The Social Investment Forum (SIF) reviewed the performance of 160 socially responsible mutual funds from 22 of its members, and found that 65% outperformed their benchmarks in 2009. The SRI funds reviewed by SIF outperformed their benchmarks across nearly all asset classes.

The performance data was provided by Thomson Reuters, an independent third party.

Almost three-quarters of the 73 large-cap SRI funds reviewed by SIF outperformed the benchmark employed by the study, the S&P 500, in 2009, and on average the large-cap SRI funds outperformed the benchmark by 6%. “A majority of the large cap funds offered by SIF members also outperformed the S&P 500 over three years and over 10 years,” according to the SIF study, by about one percent in both cases.

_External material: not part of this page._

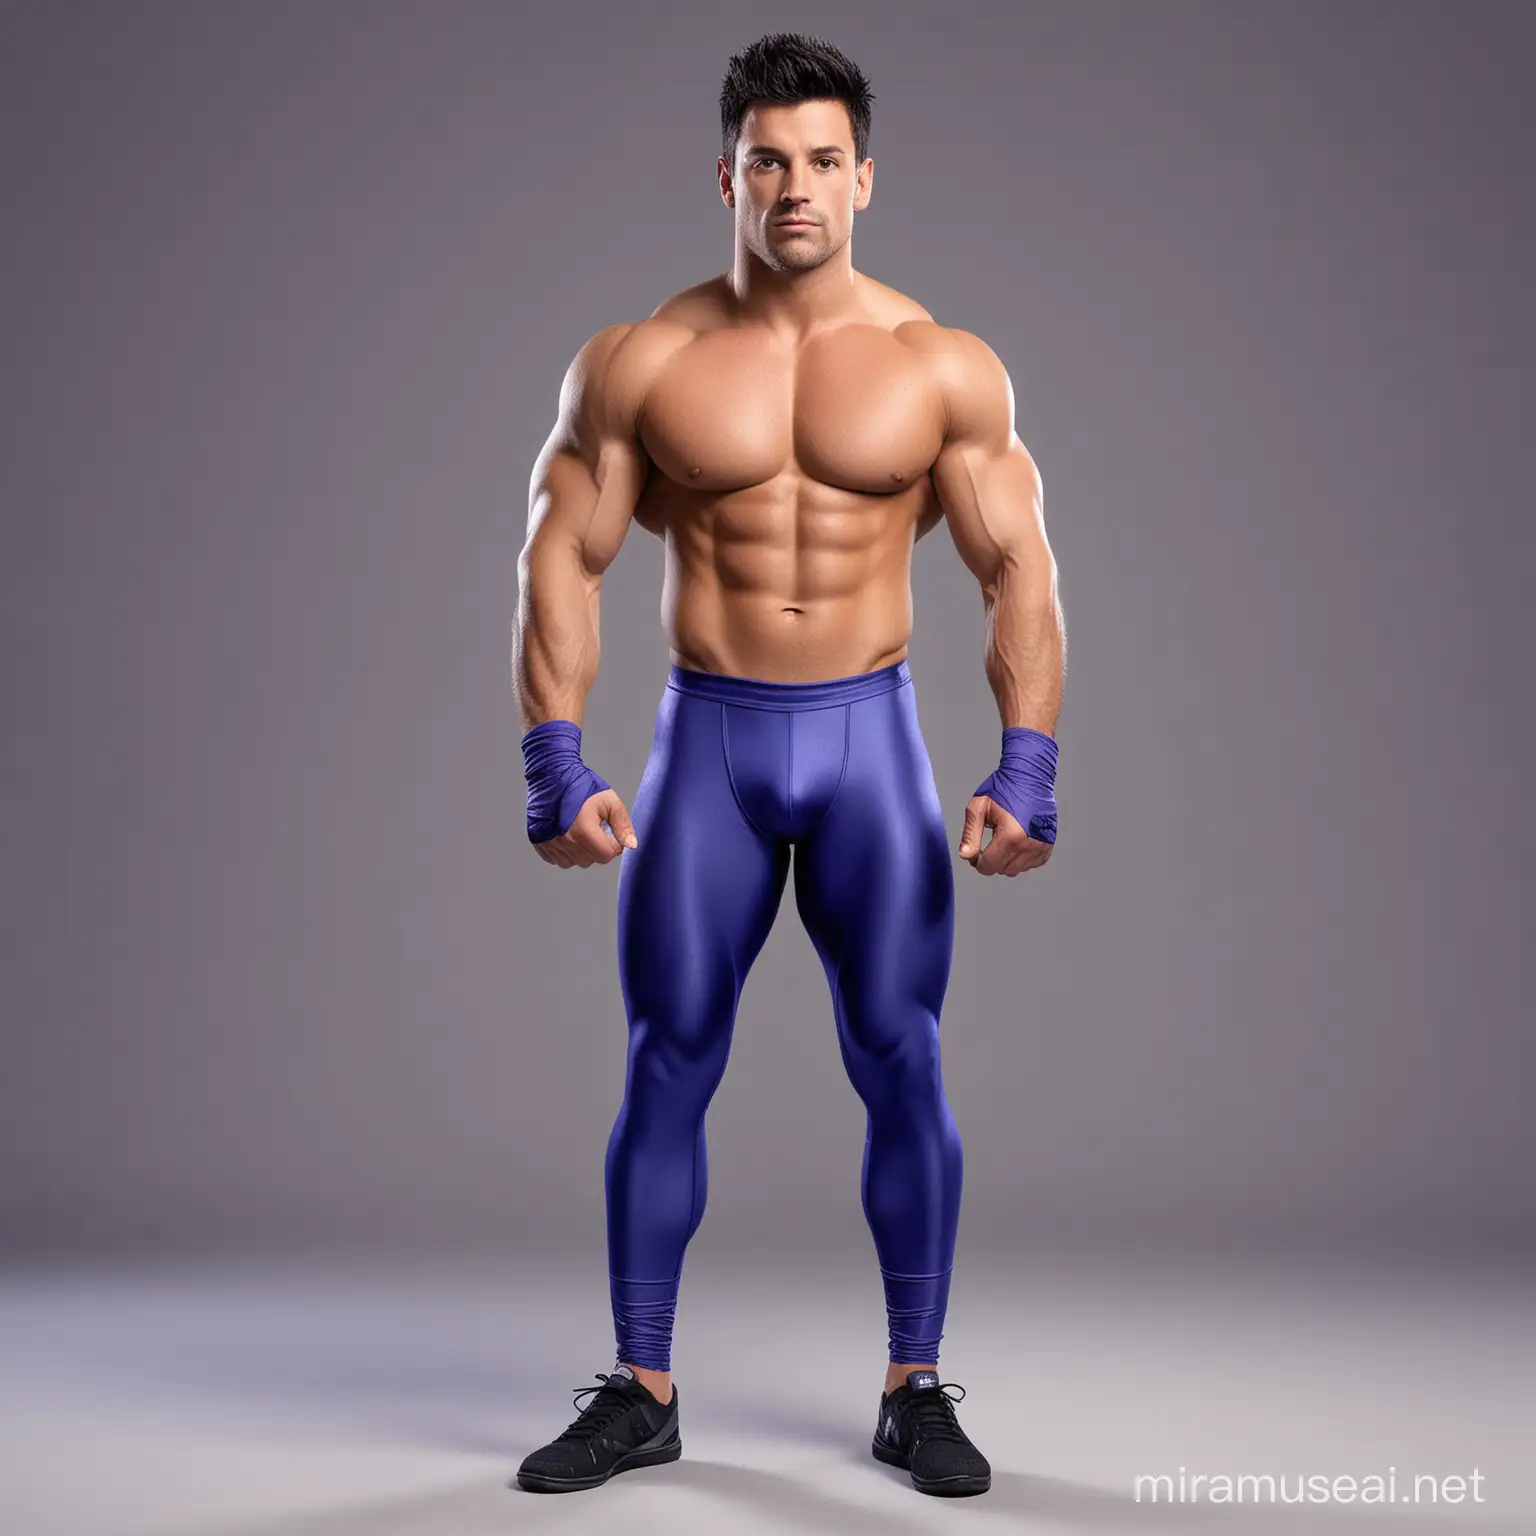 Cartoon Network Style Wrestler Charming Argentine Fighter in Cobalt Blue Spandex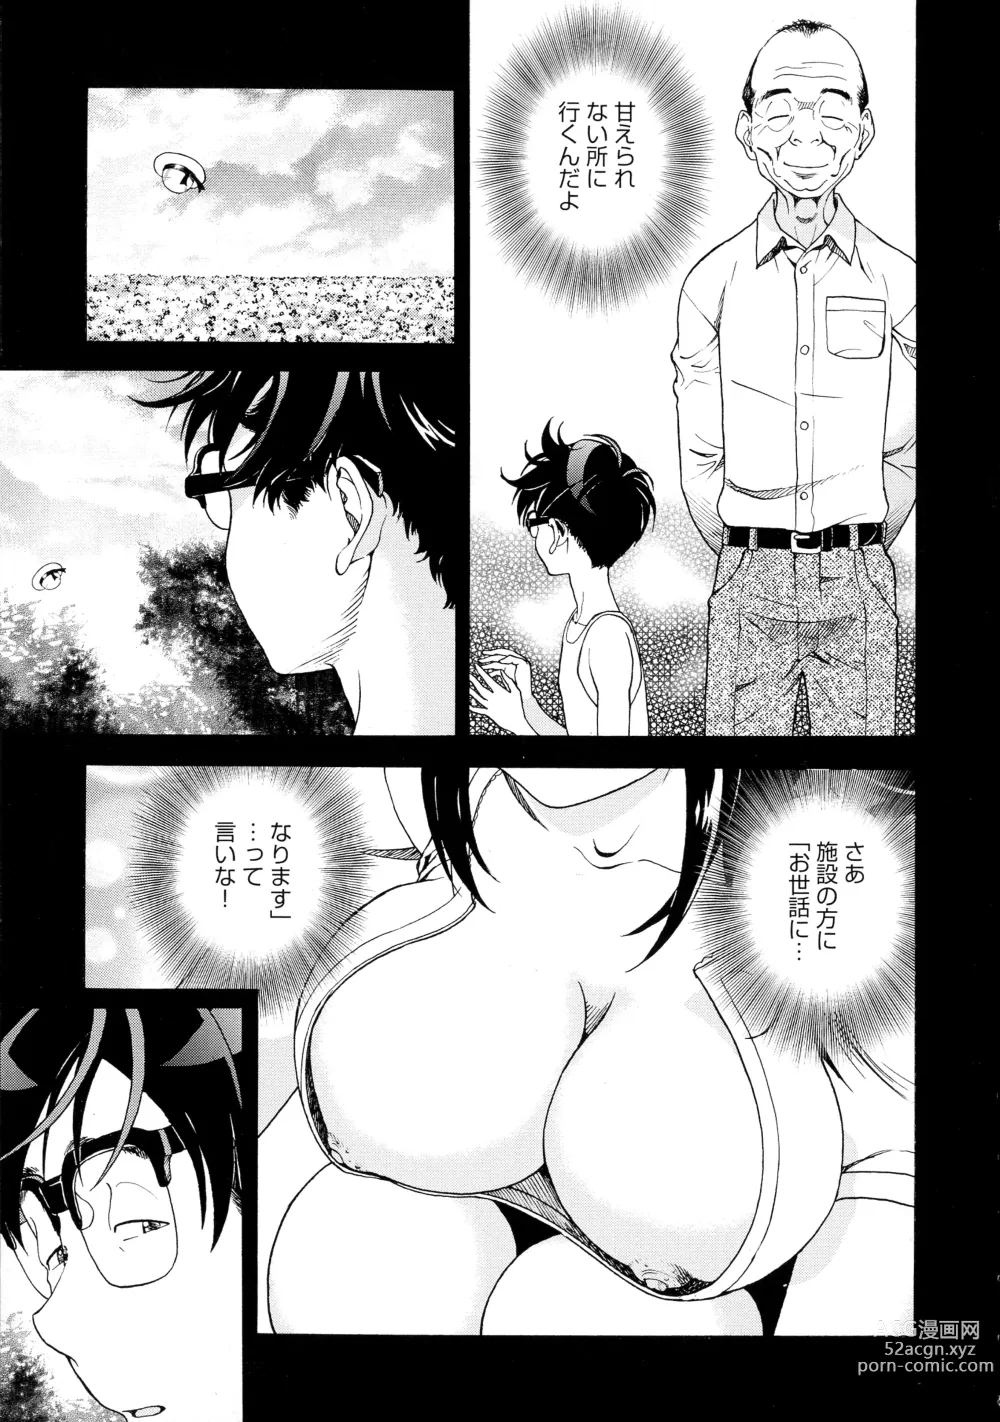 Page 7 of manga Bokinbako 2

Other funds outperforming their benchmarks were the 16 small-cap funds (by an average of 5% over the Russell 2000), the nine balanced funds (by an average of 2% over a blended benchmark of the S&P 500 and Barclays Capital US Aggregate), the 15 fixed income bonds (by an average of 2% over Barclays Capital US Aggregate), and the five international global funds, which outperformed the MSCI – World benchmark by an average of 4%.

Only the nine mid cap and the 16 international Europe, Australasia, Far East (EAFE) funds underperformed against their benchmarks, the mid cap by an average of only 1% against the S&P 400 Mid Cap, and the international EAFE by an average of 4% against the MSCI – EAFE.

At a news conference held to unveil the details of the SIF analysis, Cheryl Smith, chair of the SIF board of directors and president of Trillium Asset Management, said, “This analysis underscores the reality that socially responsible investments offer what are genuinely competitive returns. It reaffirms and underscores that SRI investment strategies do not sacrifice returns.”

Over the years, the strategies of SRI funds have evolved, from the negative screening techniques that excluded from their portfolios companies in such industry sectors as tobacco, to a positive screening strategy in which environmental, social, and governance (ESG) factors are considered.

At the news conference, Michael Lent, the chief investment officer of Veris Wealth Partners, said, “Over the past decade, there has been an increased number of socially responsible, sustainable funds that integrate ESG in a positive way.”

“We’ve seen greater interest from investors in these kinds of funds,” Lent continued. “Positive screening for ESG factors has become more important than the negative screens.”

The 22 fund families represented in the SIF analysis are Access Capital Strategies, AHA, Appleseed, Ariel, Azzad, Calvert, Community Capital Management, Domini, Gabelli, Green Century, Integrity, Legg Mason, Meeder Asset Management, MMA Praxis, Neuberger Berman, New Alternatives, Parnassus, Pax World, Portfolio 21, Sentinel, Walden, and Winslow.

Along with its study of the performance of SRI mutual funds in 2009, SIF unveiled a revamped Mutual Fund Performance Chart, which provides investors with information on the financial performance, ESG (positive) and product-based (negative) screening strategies, the online availability of proxy voting records and policies, and the minimum investments required by the mutual funds managed by its members. The chart also includes profiles of each of the funds.

The financial performance data provided by the chart include year-to-date returns, as well as annual average returns over one, three, five, and ten-year periods. The performance of the benchmarks for each of the funds is included as well, as is the size of each fund according to assets under management.

According to SIF, “The Chart shows that more than 50% of SIF member mutual funds consider companies’ executive pay practices when developing their portfolios, and more than two-thirds look for companies with good records on climate change issues and community development. Virtually all exclude tobacco companies altogether from their portfolios or restrict their involvement in such firms.”

Referring to the Mutual Fund Performance Chart, Kathy Leonard, vice president of investments at UBS Financial Services, said, “The chart empowers our clients to really get a sense of what is going on with their portfolios.”

Lent of Veris Wealth Partners said, “Transparency and disclosure by mutual funds are extremely important.”